Poder 360, 21 de janeiro de 2024
Nesta semana ocorreu o Fórum Econômico Mundial de Davos, na Suíça. Há 54 anos uma elite empresarial mundial viaja para lá, seja para interagir com clientes e fornecedores, com lideranças intelectuais em temas abrangentes ou, num ambiente informal, com autoridades governamentais e multilaterais que lá compareçam.
Nada se delibera, claro, mas ao longo do tempo o fórum estabeleceu grande reputação como palco onde anúncios são feitos e um melhor conhecimento cruzado de opiniões de agentes-chave sobre temas quentes pode ser obtido.
Tive pessoalmente a oportunidade de ver isso no fórum em janeiro de 2003, quando fui membro da comitiva governamental brasileira. Naquele momento era enorme e disseminado o interesse em conhecer o que seria o 10 governo Lula. Raras vezes na vida vi um grupo tão grande de economistas mundialmente reconhecidos sentados numa sala para ouvirem os recém-assumidos Ministro da Fazenda, Antônio Palocci, e o Presidente do Banco Central, Henrique Meirelles, falarem sobre quais seriam suas políticas. Lula também recebeu enorme holofote no evento. O fórum claramente servia para saciar tal tipo de curiosidade.

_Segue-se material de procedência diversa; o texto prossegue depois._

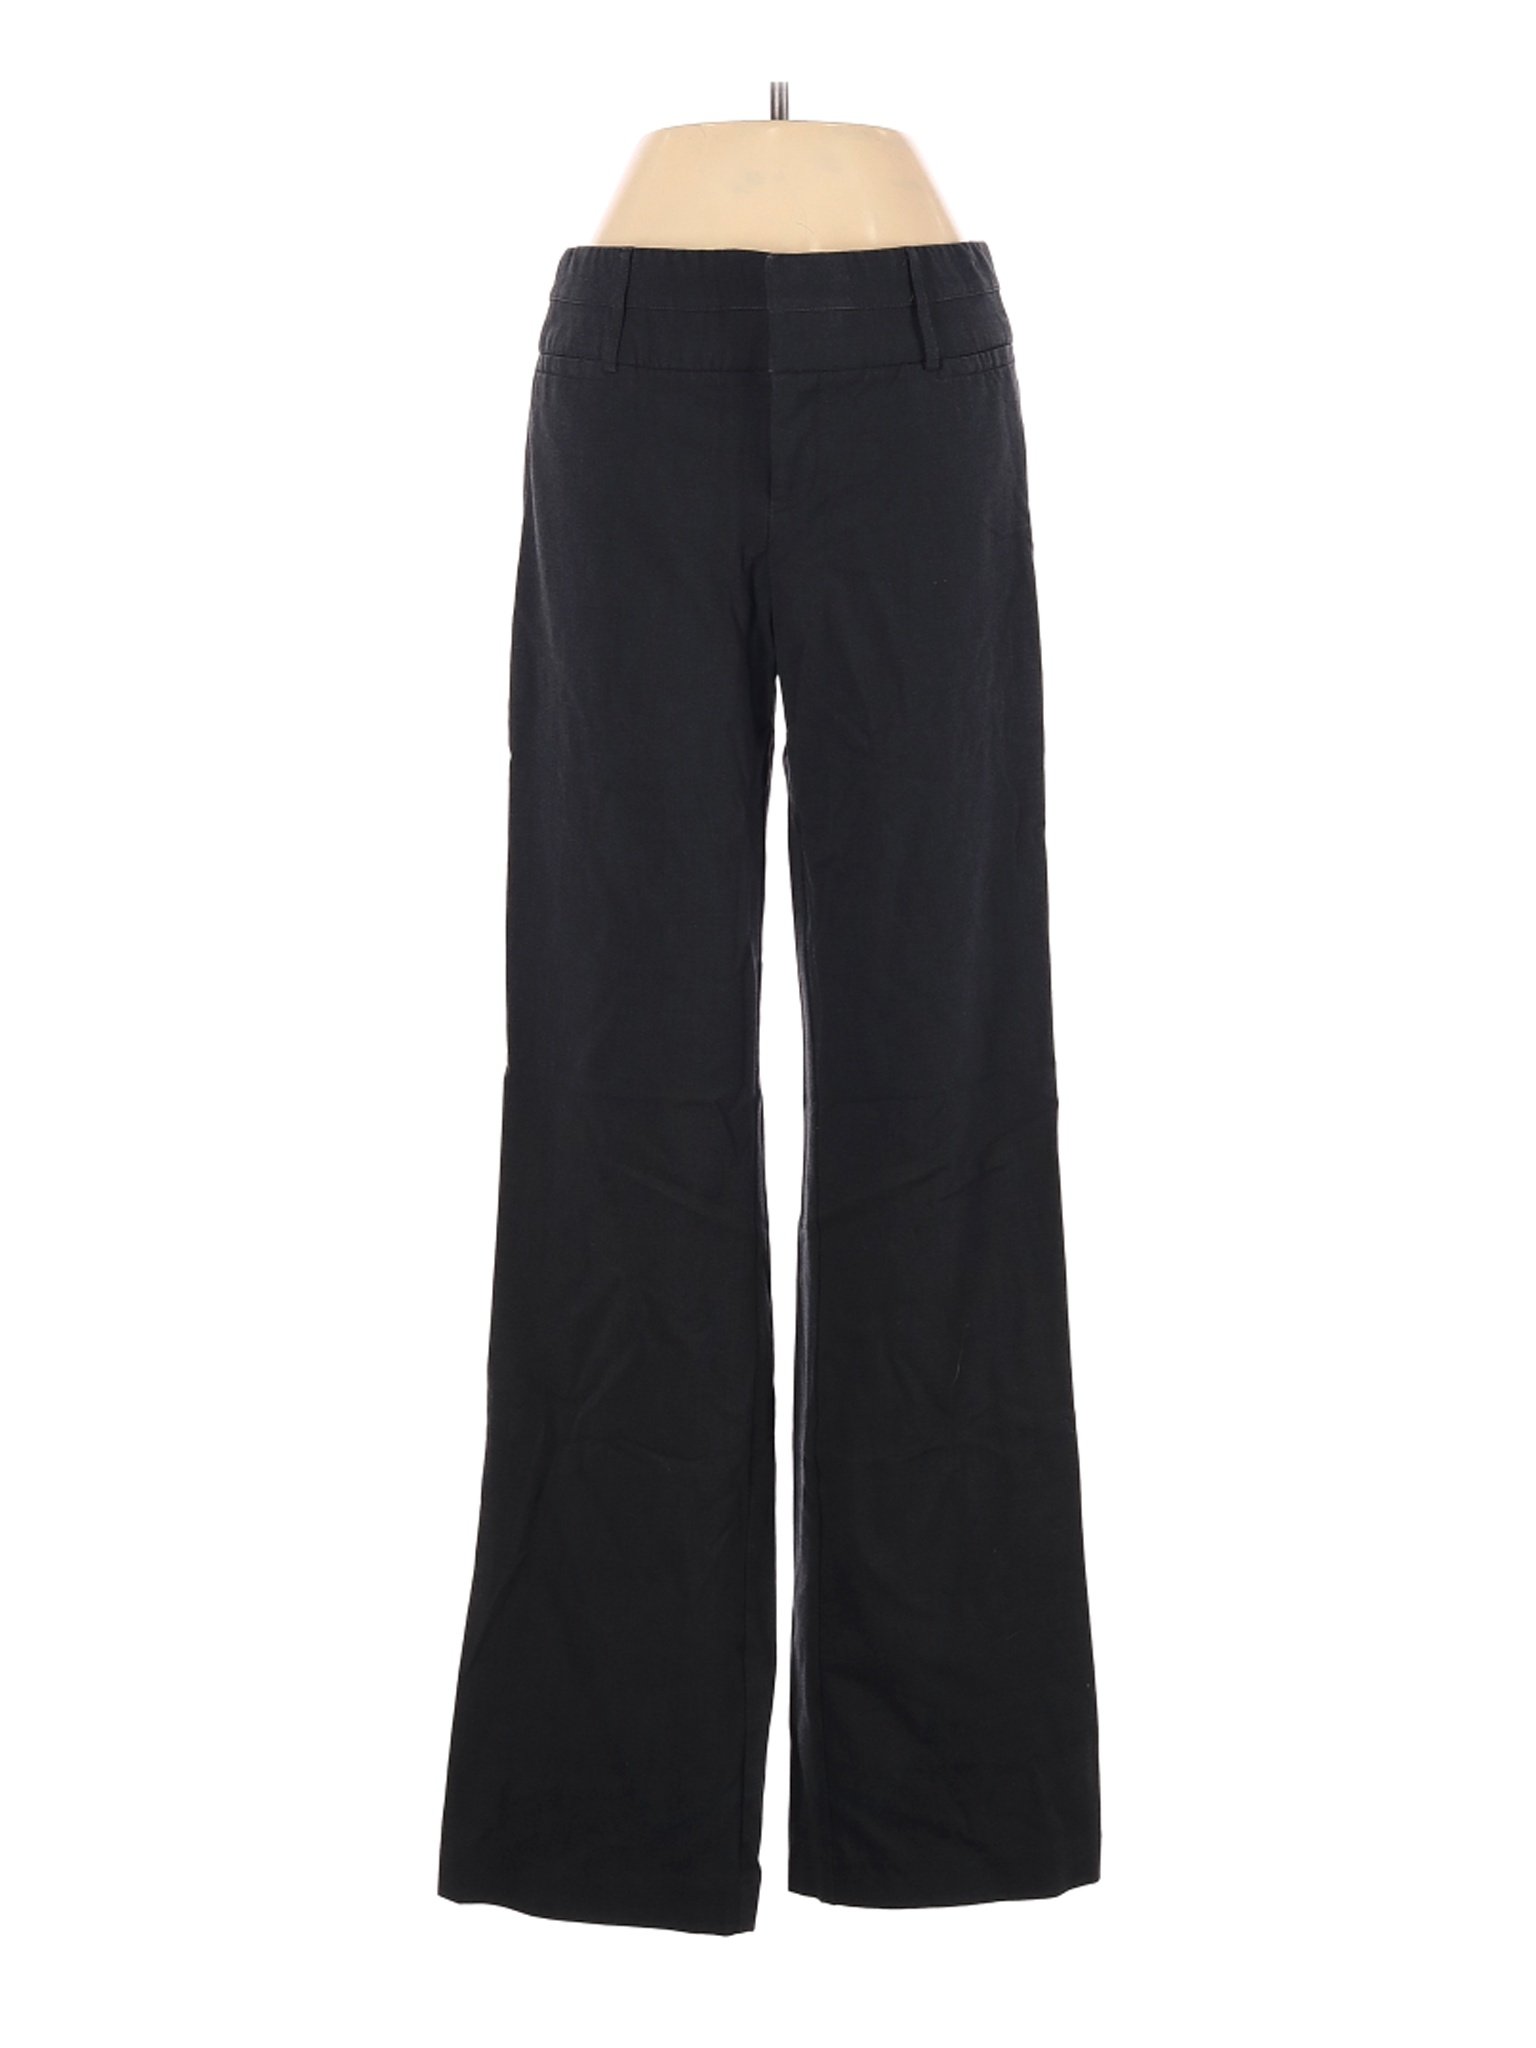 AB Studio Women Black Dress Pants 2 | eBay

Xi Jinping, presidente da China, por exemplo, soube usar bem Davos para fazer uma defesa da globalização e do livre comércio em 2017. A China conseguiu galgar a escada da renda per capita usando bem a globalização e, naquele momento, começava a ter que lidar com a atitude antichinesa assumida pelo então governo Trump. Não poderia ter um palco melhor para a emissão de sua mensagem.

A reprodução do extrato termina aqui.